What you need to do:
Your answer must match, word for word, the lines from the one holding "5m Mode Conditioning" through the final line below, with pictures excluded.

Source material:
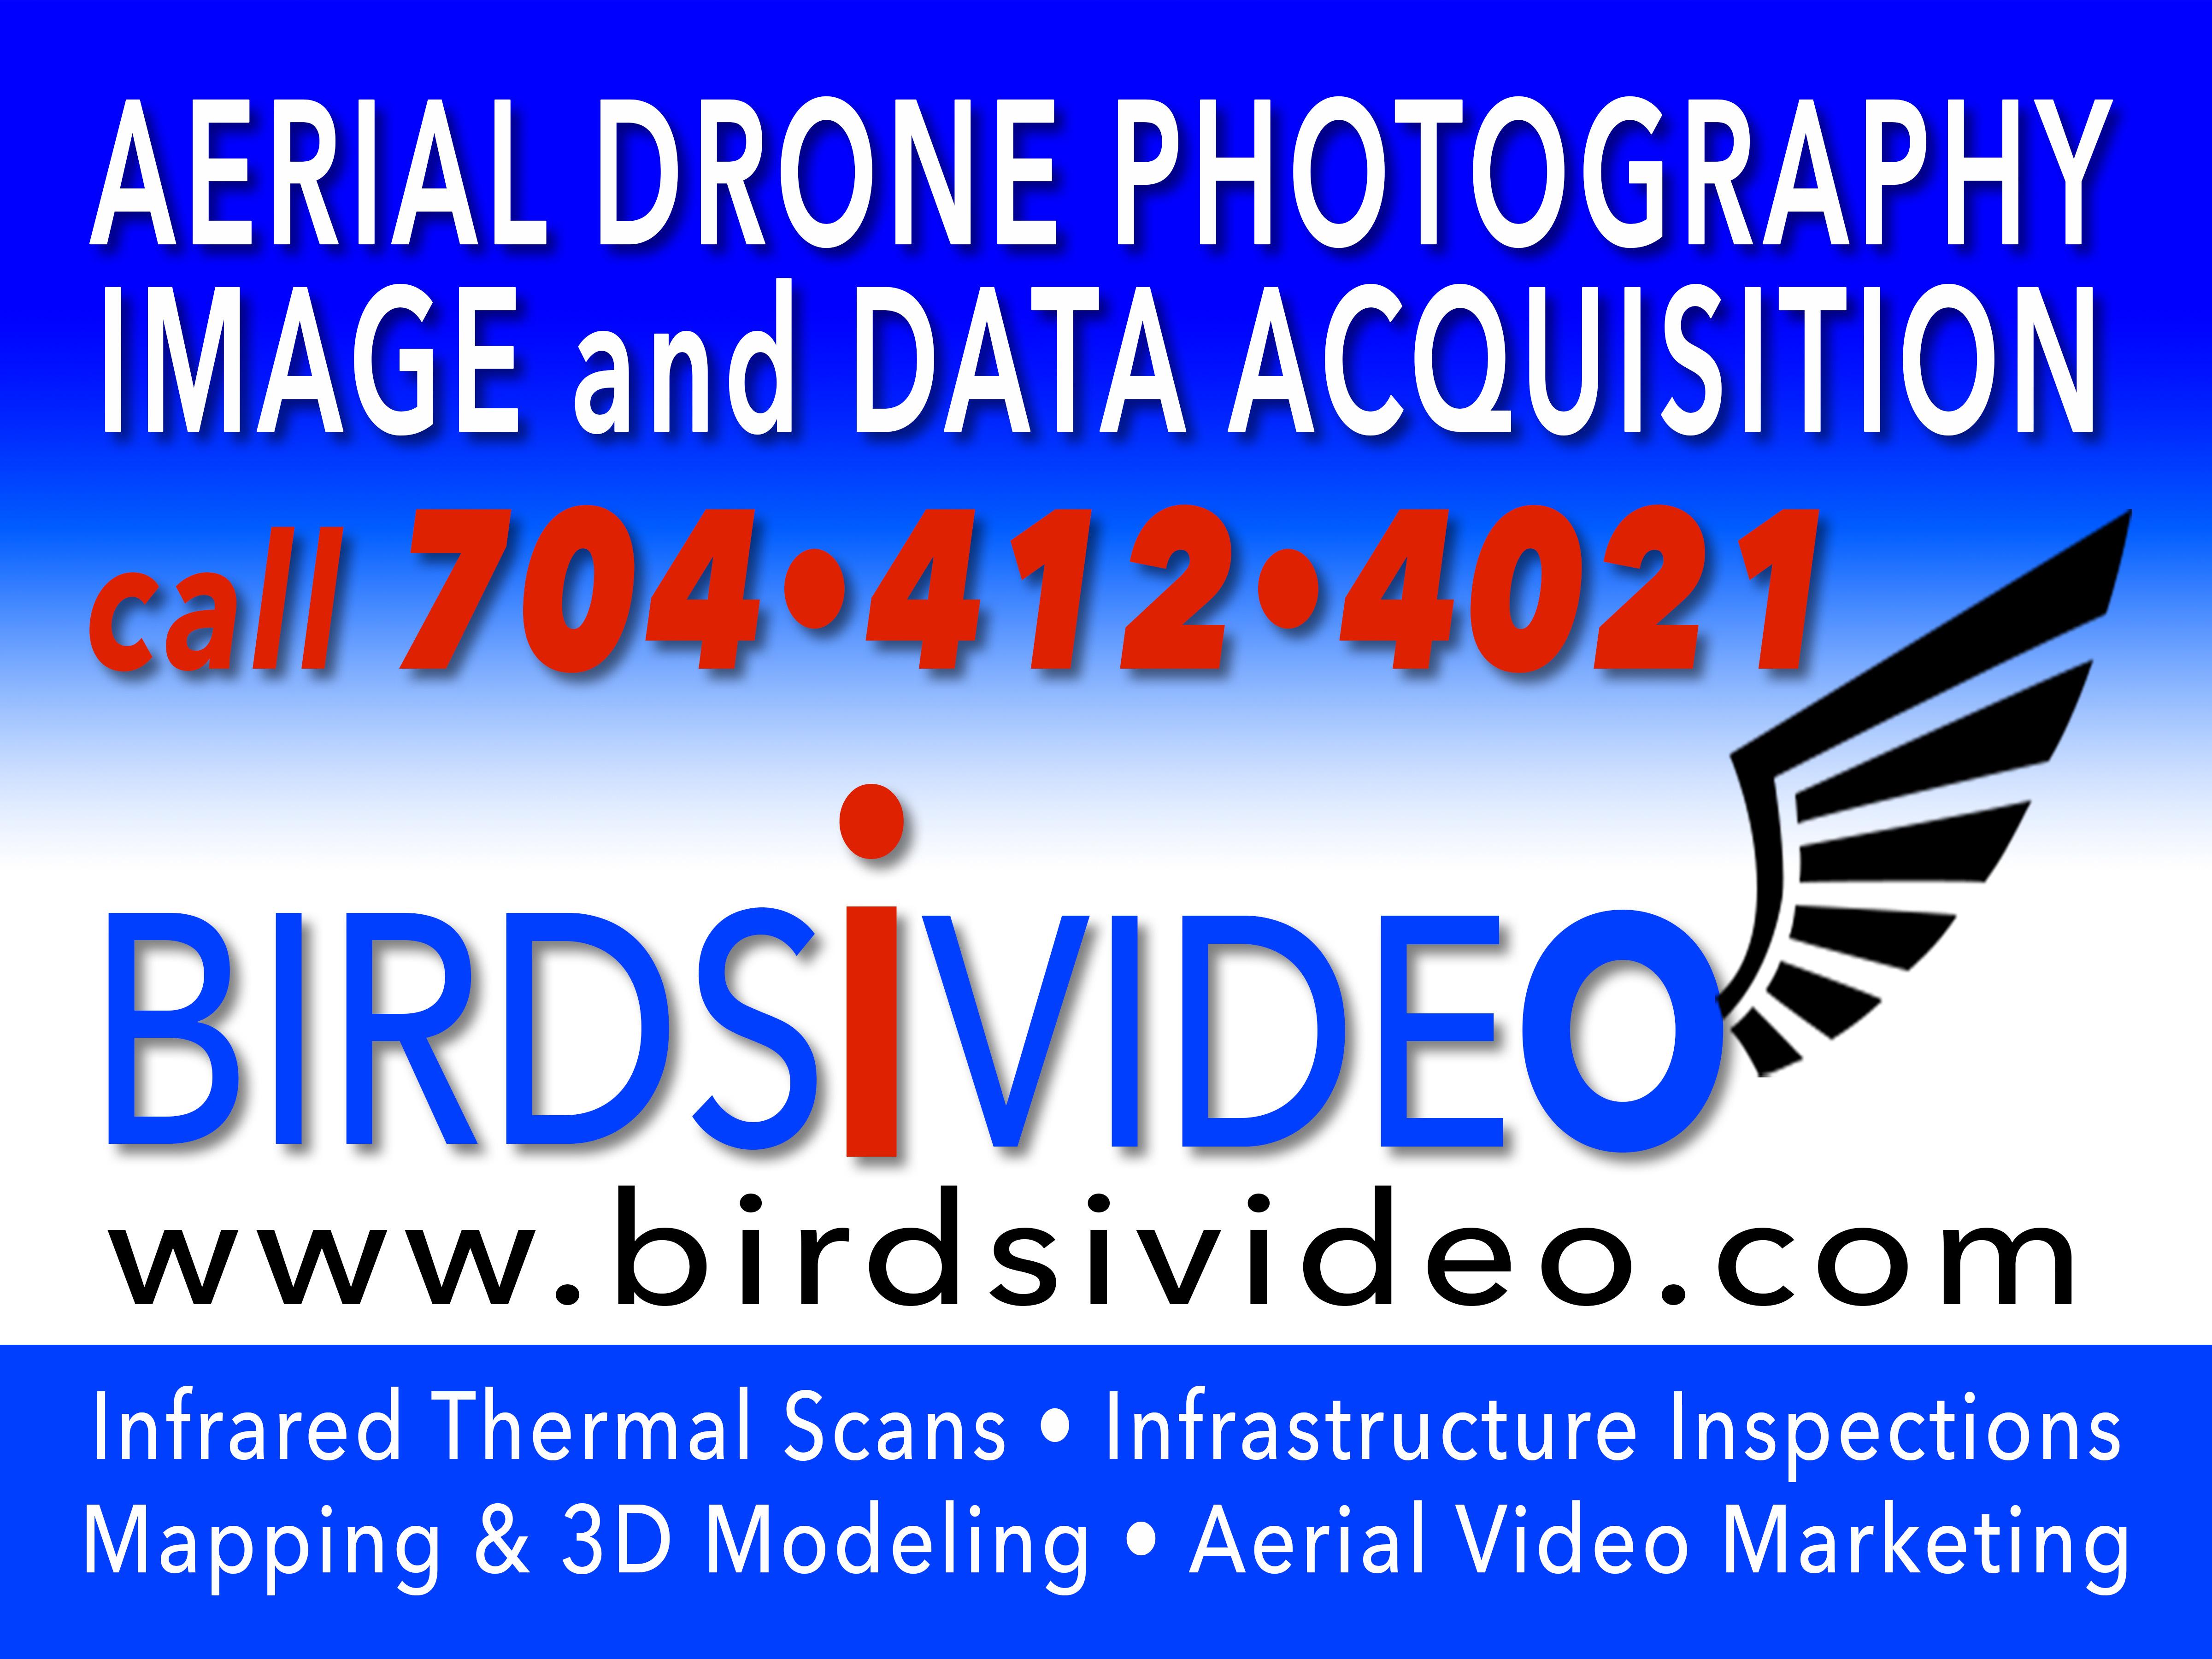 BIRDSiVIDEO Charlotte (Dickson Drone Imagery LLC) image 4
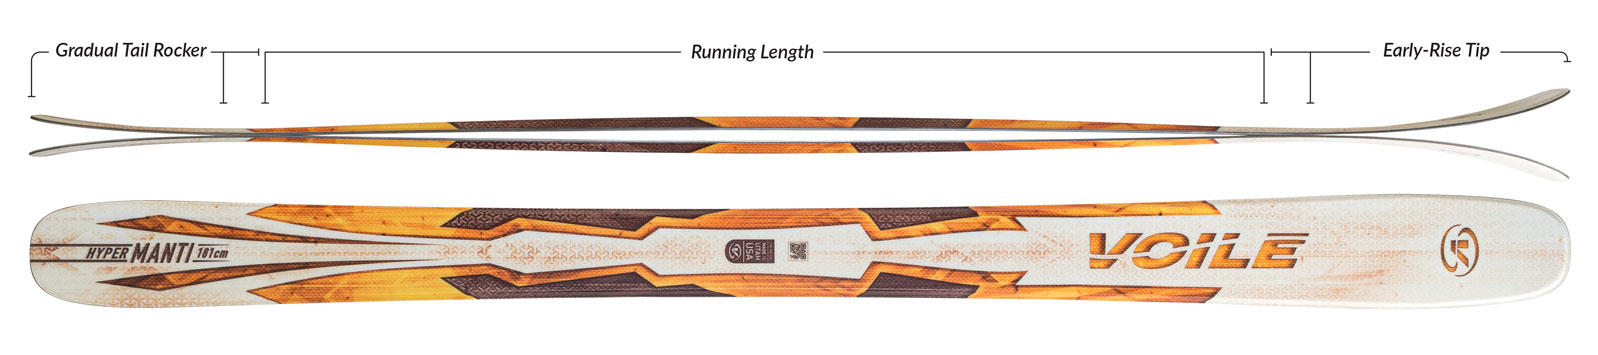 Voile Hyper Manti Skis Camber Profile
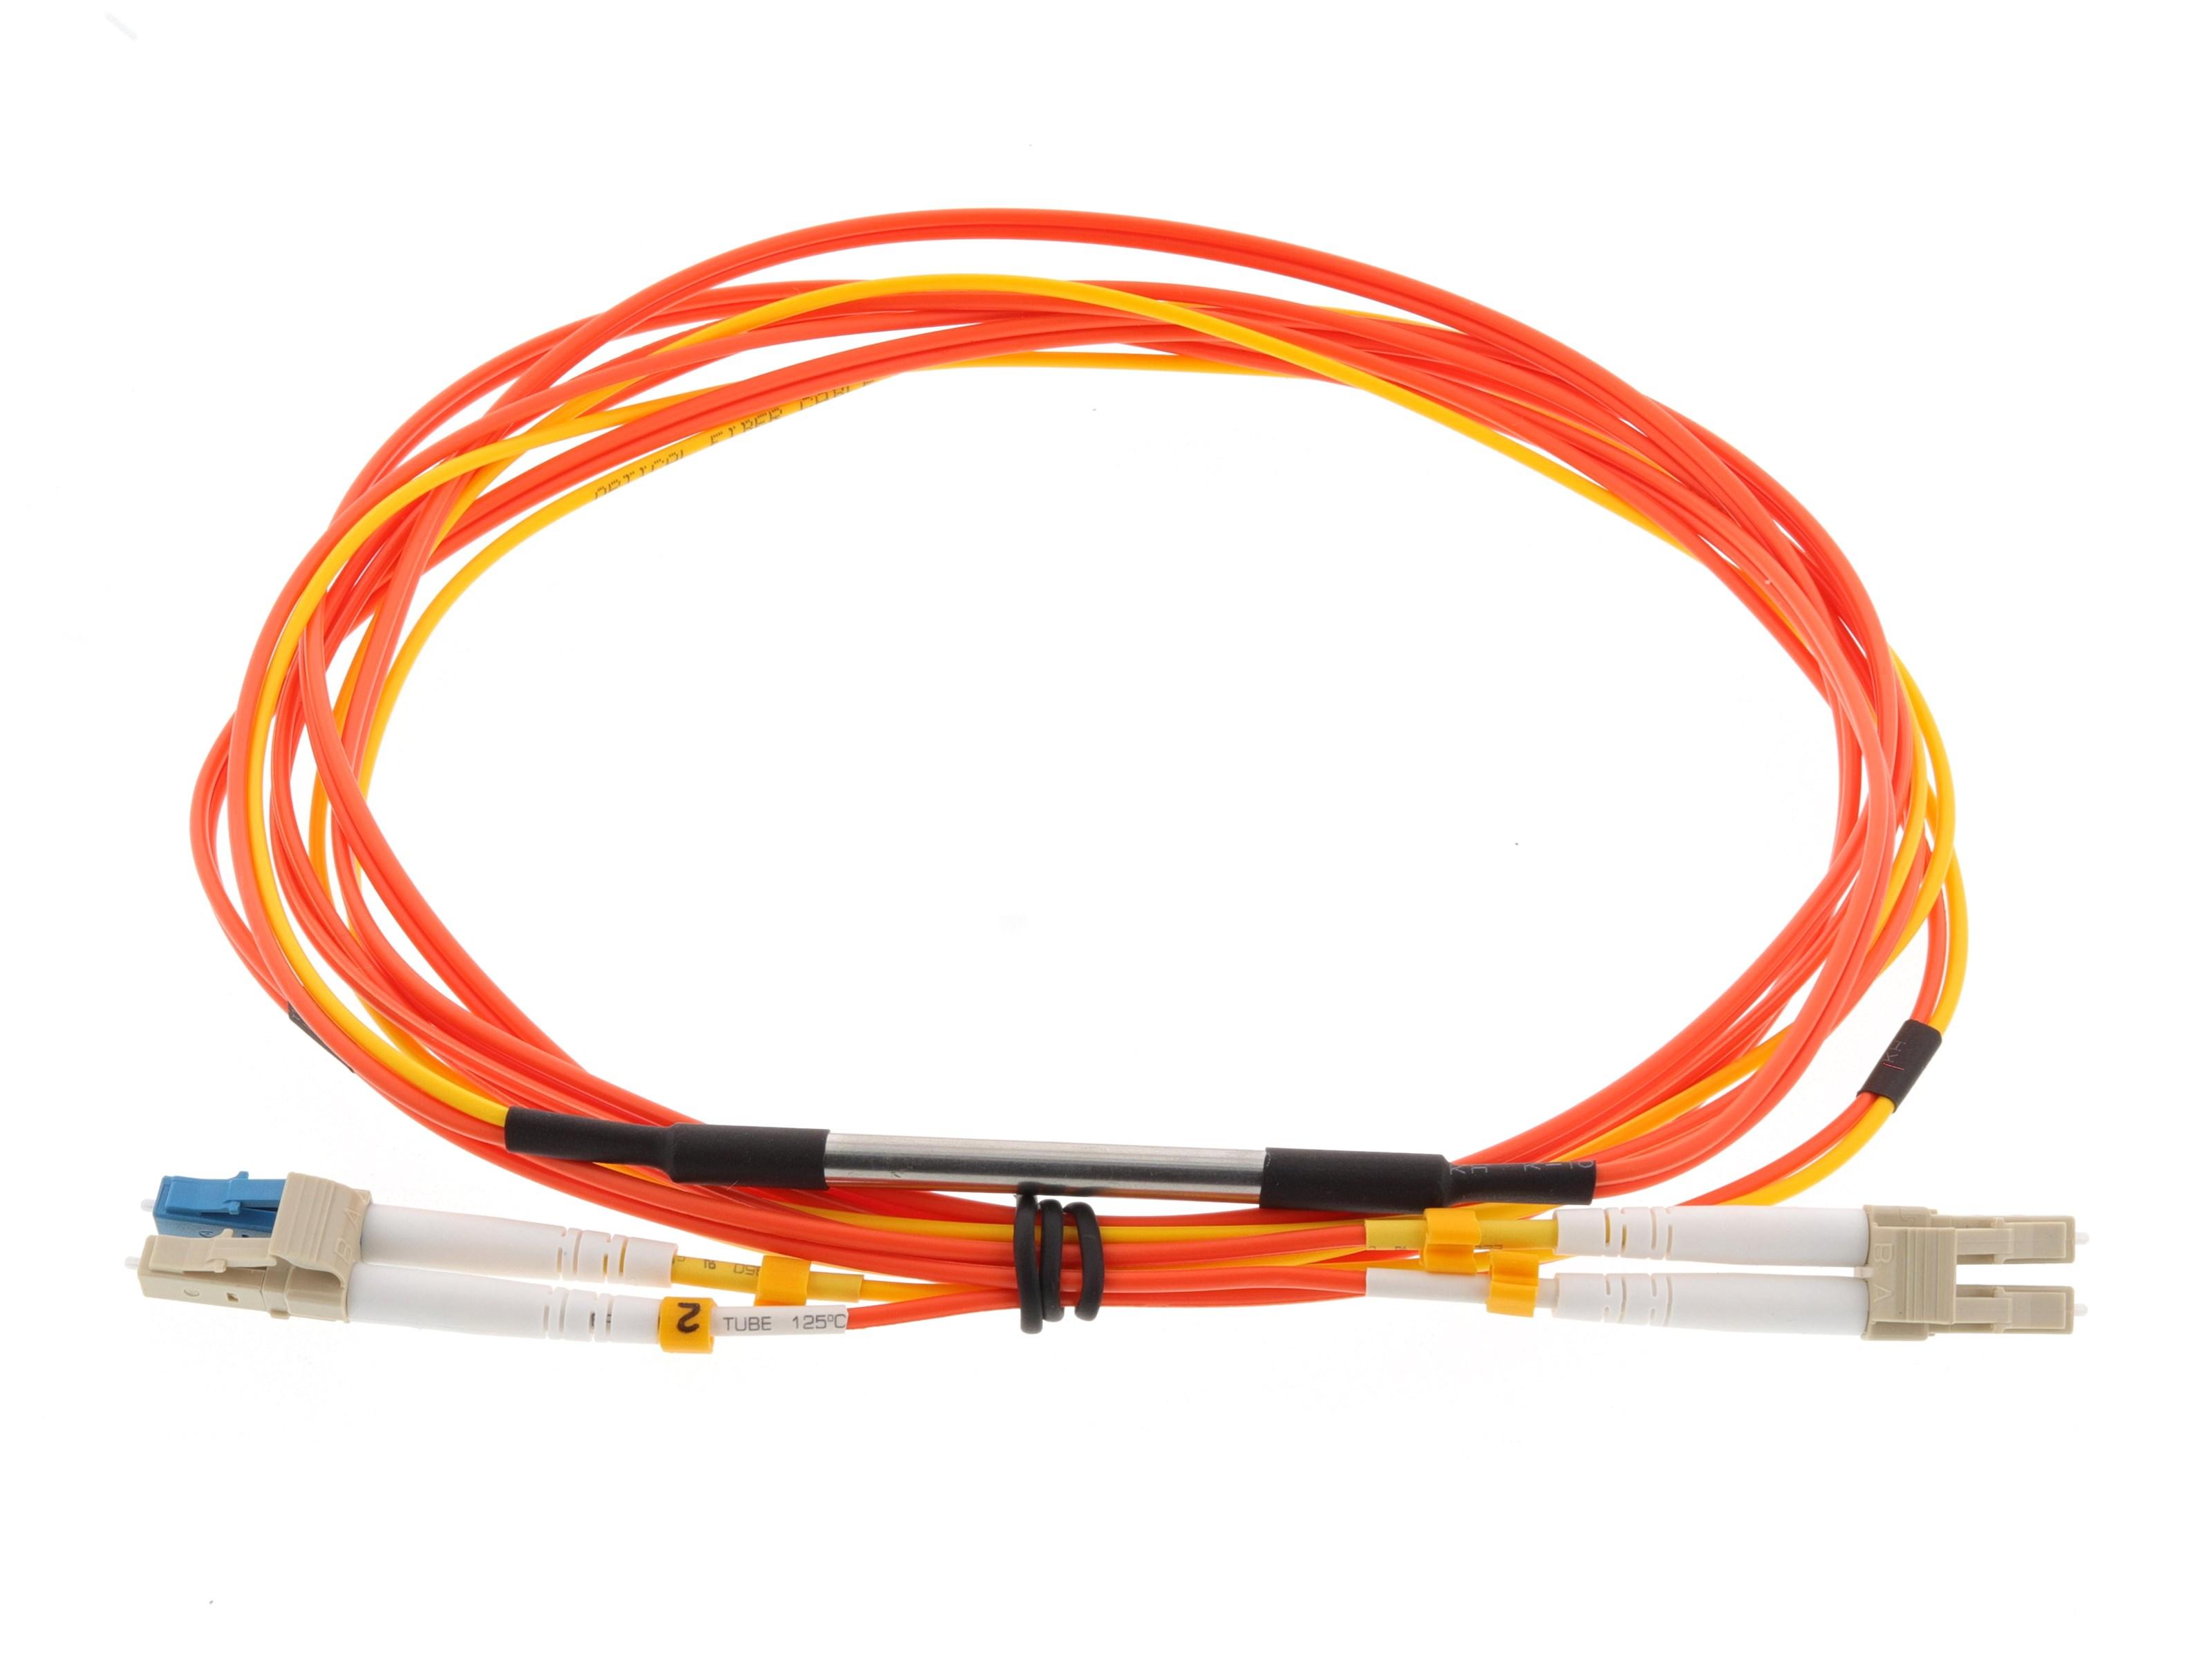 5m Mode Conditioning Duplex Fiber Optic Patch Cable 50
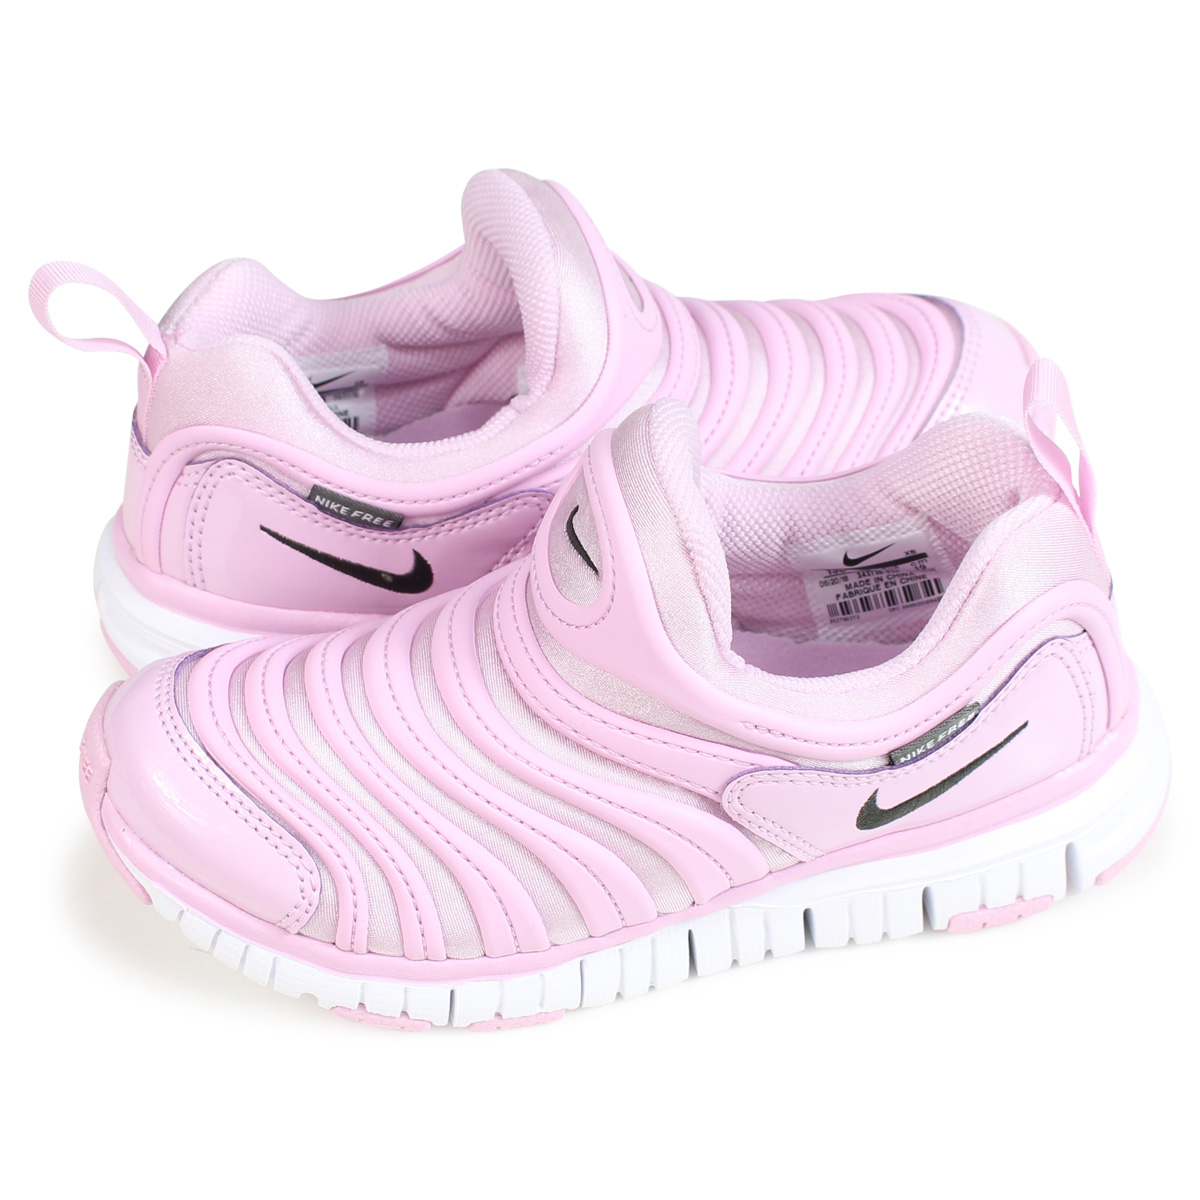 7ae9c9aef921 ALLSPORTS  Nike NIKE dynamo-free kids sneakers DYNAMO FREE PS ...

Solution for this exercise:
 5m Mode Conditioning Duplex Fiber Optic Patch Cable 50
 7ae9c9aef921 ALLSPORTS  Nike NIKE dynamo-free kids sneakers DYNAMO FREE PS ...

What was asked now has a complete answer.